She was like, “What are you talking about????”

He was like, “Just keep him in there for a few more days.”

Hahahahaha. Actually, I’ve got the big man right here.

Eric, Rodrygo’s dad

Man, I remember it so well. On the 25th I told my wife, Denise, “For the love of God, don’t let him be born now.” I was 16, at the start of my own career, and I knew that if he was born in December, he’d be the youngest in his age group and the kids born in January would be almost a year older. For a young player trying to stand out, that is a disaster. Denise often asked me, “But why?”

I was like, “Don’t worry, just do whatever you can to hold him up.” I wasn’t even gonna take her to the hospital!!

Caraca … 26th, 27th, 28th … Every day felt like a week. On the 31st we did the countdown. “Four, three, two, one … HAPPY NEW YEAR!”

I looked at the clock.

00:00, 1 January 2001.

Phewwww!

The next few days I was stroking her belly saying, “It’s going to be a boy.” Our brothers and sisters had seven kids — all girls.

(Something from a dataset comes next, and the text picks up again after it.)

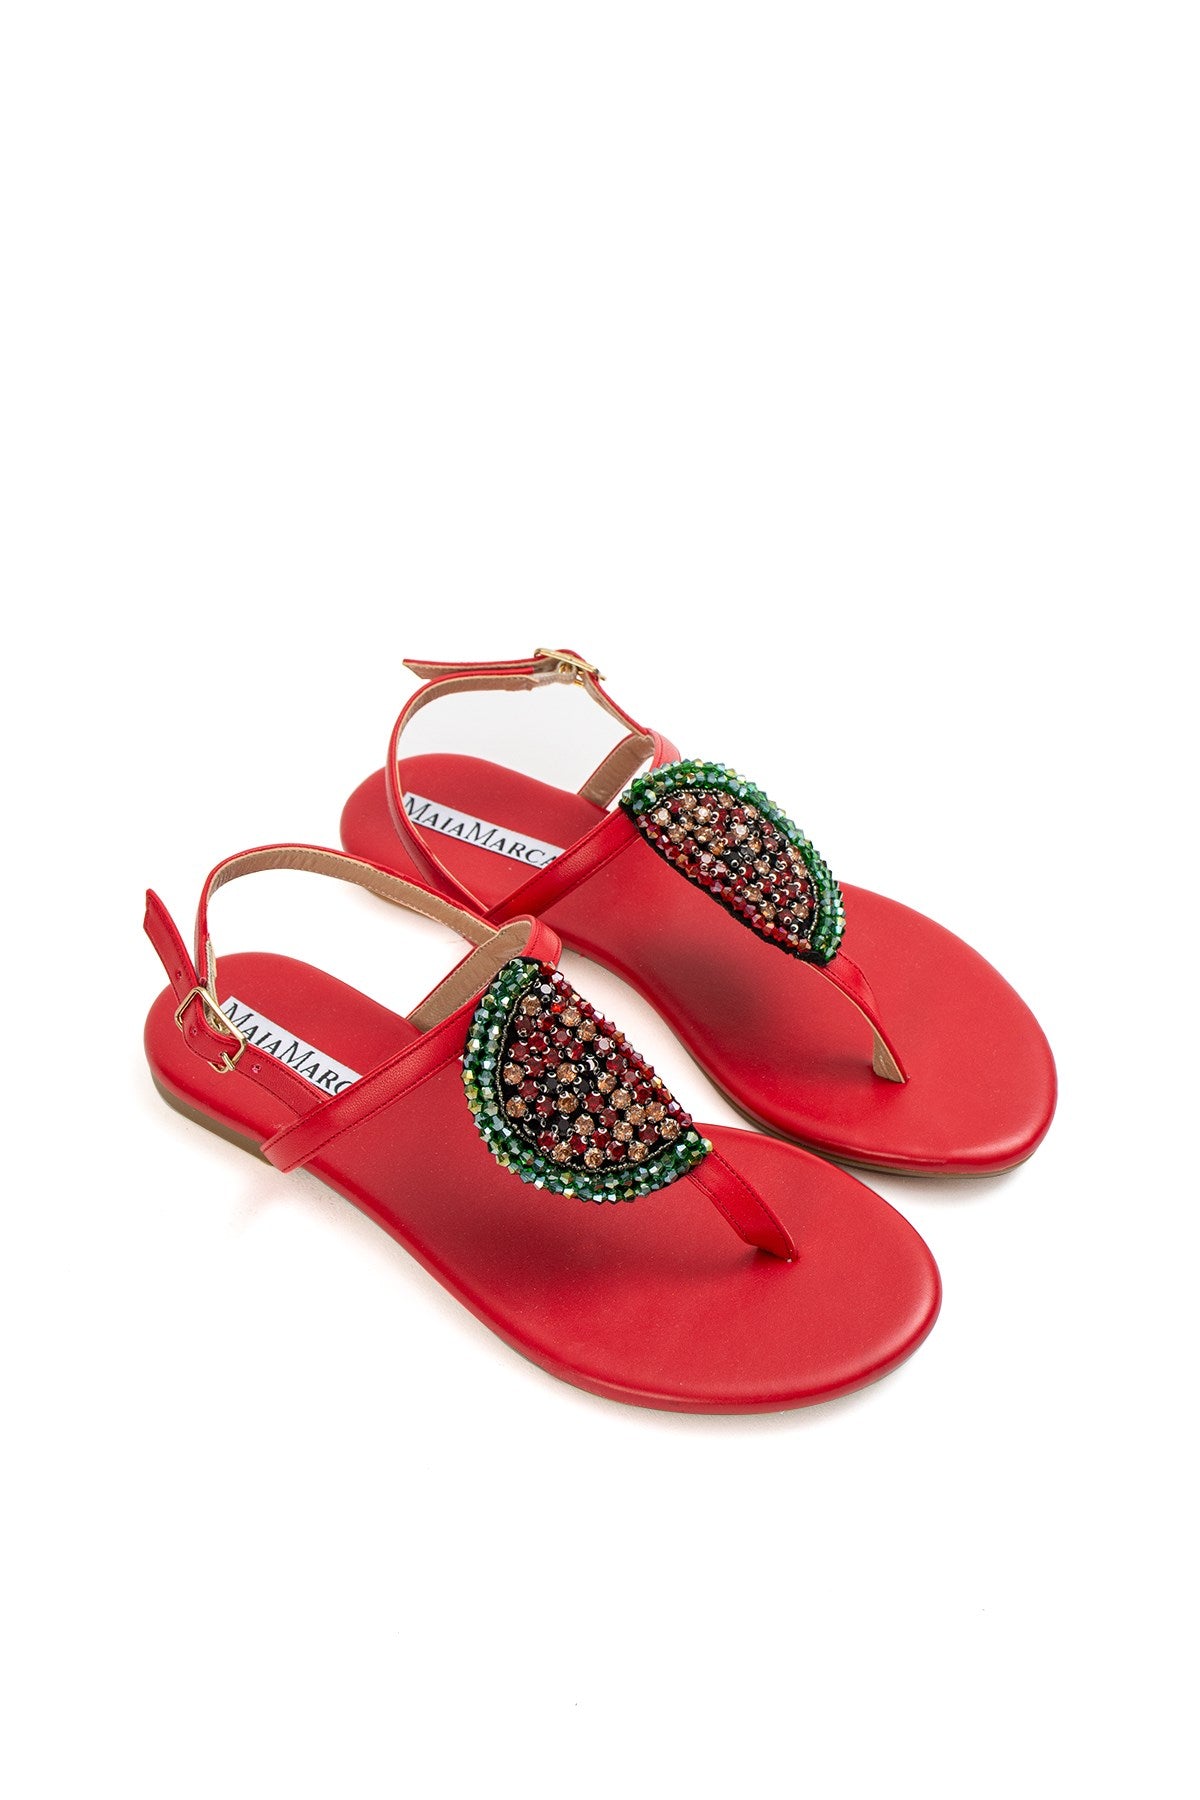 Istanbul Red Watermelon Sandals

“He’s gonna be a footballer.…”

Man, I believed it.

Rodrygo

My dad always said that words have power. I had all these dreams as a kid — brother, I loved to dream — so I kept telling myself the same things.

I’m going to play for Brazil.

I was running around with a fake Selecão shirt and the Neymar mohawk.

I’m going to play for Real Madrid.

When I was 10, my birthday party theme was “Rodrygo Real Madrid.”

I’m going to win the Champions League.

The peak of club football.

I’m going to play in the World Cup.

The peak of football, period.

When I was a toddler, my mum would take me to a bazaar where my aunt worked, and every time I’d grab a ball. Poor Auntie, she had to pay for it. When I was two, I’d play from 8 a.m to 10 p.m. Toys? No need. God gave me a gift, there is no other explanation. So Dad made my life twice as hard!!

Eric

I’d watch him play and go, Wow! Impressive. At three he was already shooting with his weaker foot….

Rodrygo

Listen, this guy is the worst referee ever. We used to play at this futsal court in São Caetano with other kids. One goal. No teams. My dad would be the goalie and ref, kick the ball out and we all had to try to score.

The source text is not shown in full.